Nevertheless, if we apply to the standard deviation a scaling factor of $\sqrt{2.32} = 1.52$, then we get $493.636 \pm 0.010\,$MeV (the difference between this value of 0.010 MeV and 0.011 MeV of Tabs. 1 and 2 could be just due to rounding of the individual values). The result is shown in Fig. 4, together with the individual results that enter the analysis (see also entry B of the summary table 3).

Figure: Individual results of Ref. [18] (cyan solid lines), with the weighted average with and without $\sqrt {\chi ^2/\nu }$ scaling factor (same graphic notation of Fig. 3).

It is interesting to see what we get if we use the nine individual points, i.e. 1, 2, 3, 4 and 6 of Tab. 1, together with $5_a$, $5_b$, $5_c$ and $5_d$ of Tab. 2.

Figure: Combination of the individual results of Ref. [18], together with the other results (i.e. excluding nr. $5$) of Tab. 1. For details of the graphic notation see the previous figures.

The combined weighted average, shown in Fig. 5, comes out right in the middle of the two most precise results, with little overlap with them.

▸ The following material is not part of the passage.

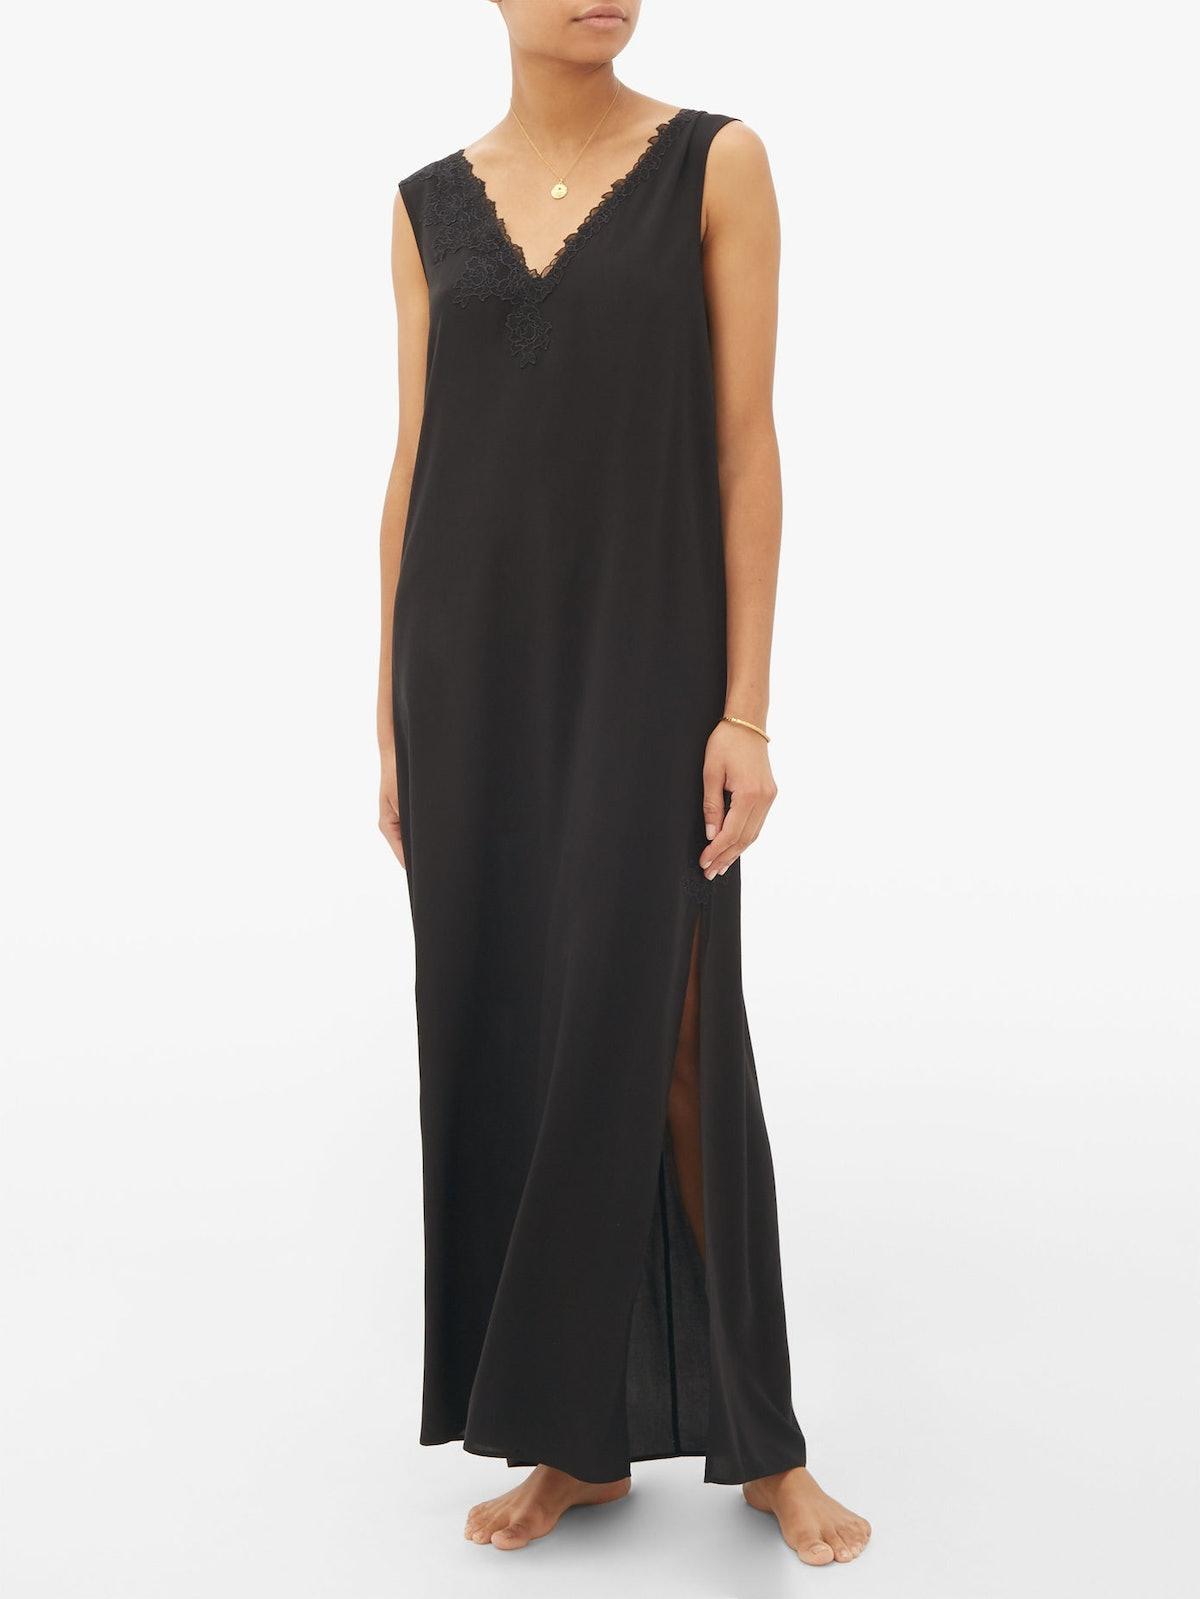 Bella Lace-Applique Nightgown

The average is $493.6644\,$MeV, with standard deviation $0.0046\,$MeV, which becomes $0.011\,$MeV after the $\chi ^2$ motivated scaling¹⁶ of $\times 2.42$. As we can see, the central value differs by $-12\,$keV with respect from the one obtained above $[$ see also section. 3 and entry C of the summary table 3 $]$: the use of the pre-combined result of Ref. [18] produces a bias of $+12\,$keV in the final result, that is comparable with the quoted `error'. The reason is due to the fact that the $\sqrt {\chi ^2/\nu }$ prescription used to enlarge the standard deviation does not hold sufficiency. As a consequence, the relevance of the ensemble of results of Ref. [18] gets reduced.

As a further example to show this effect on the same data, let us make the academic exercise of grouping the data in a different way. For example we first combine all results published before year 1990 (1-4,$5_a$-$5_d$, with references to Tabs.  1 and 2, and include the most recent one (6 of Tab. 1) in a second step. The outcome of the exercise is reported in Fig. 6 and in the entries D and E of the summary table 3.

Figure: Example of arbitrary grouping of the results in before and after year 1990 (see text).

The weighted average of the eight results before year 1990 (upper plot of Fig. 6 and entry D in Tab. 3) gives $m_{K^\pm} = 493.6404\pm0.0061\,$MeV (dashed red line). The $\chi ^2$ is equal to 10.8, producing a scaling factor of 1.24 and thus a modified result of $m_{K^\pm} = 493.6404\pm0.0076\,$MeV (solid brown line of Fig. 6 and entry D in Tab. 3).

Combining this outcome with the 1991 result [19,20] we get (lower plot of Fig. 6 and entry E in Tab. 3) a weighted average of $m_{K^\pm} = 493.6705\pm 0.0051\,$MeV, but with the very large $\chi ^2$ of 29 (p-value $0.74\times 10^{-7}$), thus yielding a $\times 5.4$ scaling factor and then a widened standard deviation of $28\,$keV. At least, contrary to the previous cases, this time the scaled standard deviation is able to cover both individual results, although an experienced physicist would suspect that most likely only one of the two is correct. (In situations of this kind a `sceptical analysis' would result in a bimodal distribution, as shown in Fig. 4 of Ref. [3].)